On Aug. 12, 2017, an angry mob of anti-government white nationalists, neo-Nazis, Ku Klux Klansmen, and other terrorists under the banner of “Unite the Right,” marched through Charlottesville, Va. They displayed Swastika flags, Confederate flags, the Nazi slogan “Blood and Soil” (Jews will not replace us), and carried torches symbolizing the marches that took place during Hitler’s Third Reich. The tragic result was the death of a peaceful counter demonstrator and two Virginia state police officers in a crash of their helicopter. Thirty other individuals were injured.

On Feb. 5, 2020, FBI Director Christopher Wray during testimony before the Judiciary Committee of the U.S. House stated that 2019 was the deadliest year for domestic terrorism since the Oklahoma City truck bombing in 1995. The year 2019 saw 29 Americans killed in five separate terrorists’ attacks including the deadliest attack on Latinos in American history when a 21-year-old white supremacist killed 22 and injured 24 other Latinos in El Paso, Texas.

Americans across the nation were horrified and shocked on Jan. 6, 2021, when a violent mob attempted an insurrection by an assault on our democracy as they desecrated the National Capitol building, the citadel of our democracy and home of the legislative branch of our democratic Republic.

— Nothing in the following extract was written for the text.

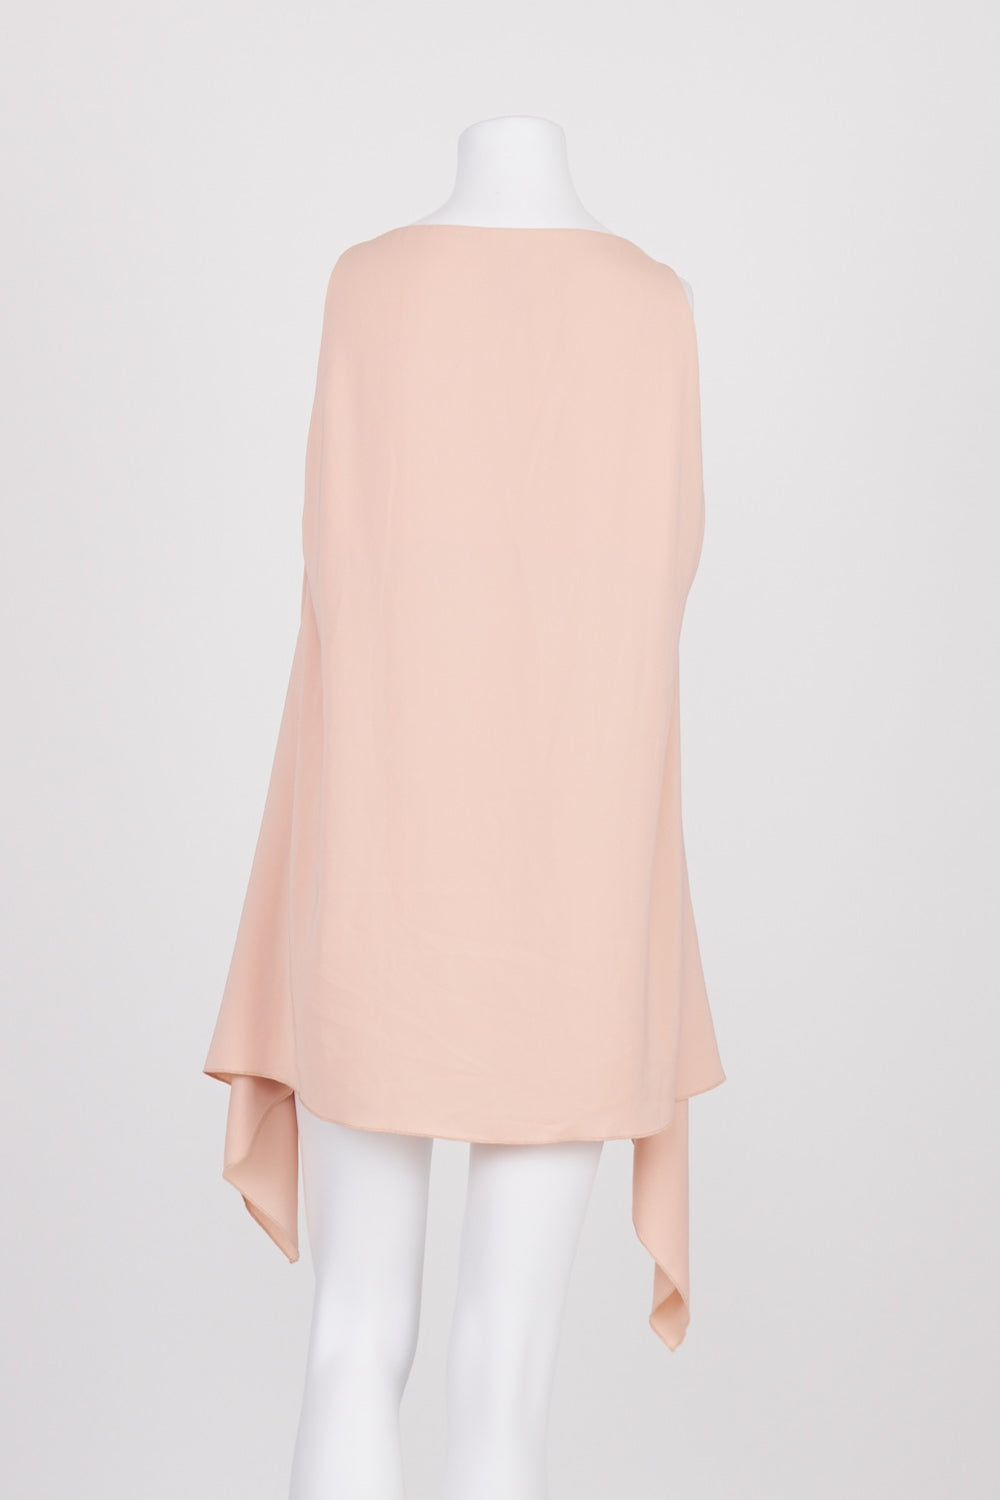 Acler Pink Sleeveless Dress 12

There are indications that part of the plan was to kidnap Vice-President Mike Pence and Speaker of the House Nancy Pelosi and kill them. Also pipe bombs were placed in front of the national headquarters of the Republican and Democratic parties.

The attack on our National Capitol resulted in the direct deaths of five individuals.

Our National Capitol had not experienced an attack overrunning and occupying the Capitol by an invading force since the War of 1812 when the British army did so.

The aftermath of the Jan. 6 assault has seen members of Congress harassed and verbally threatened in public.

This attack on our National Capitol reminds us of an excerpt from Yale University Professor Timothy Snyder’s book “On Tyranny: Twenty Lessons from the Twentieth Century” when Snyder describes the burning of the German parliament, the Reichstag, on Feb. 27, 1933, thus destroying the last democratic institution in Germany as Hitler said: “This fire is just the beginning.”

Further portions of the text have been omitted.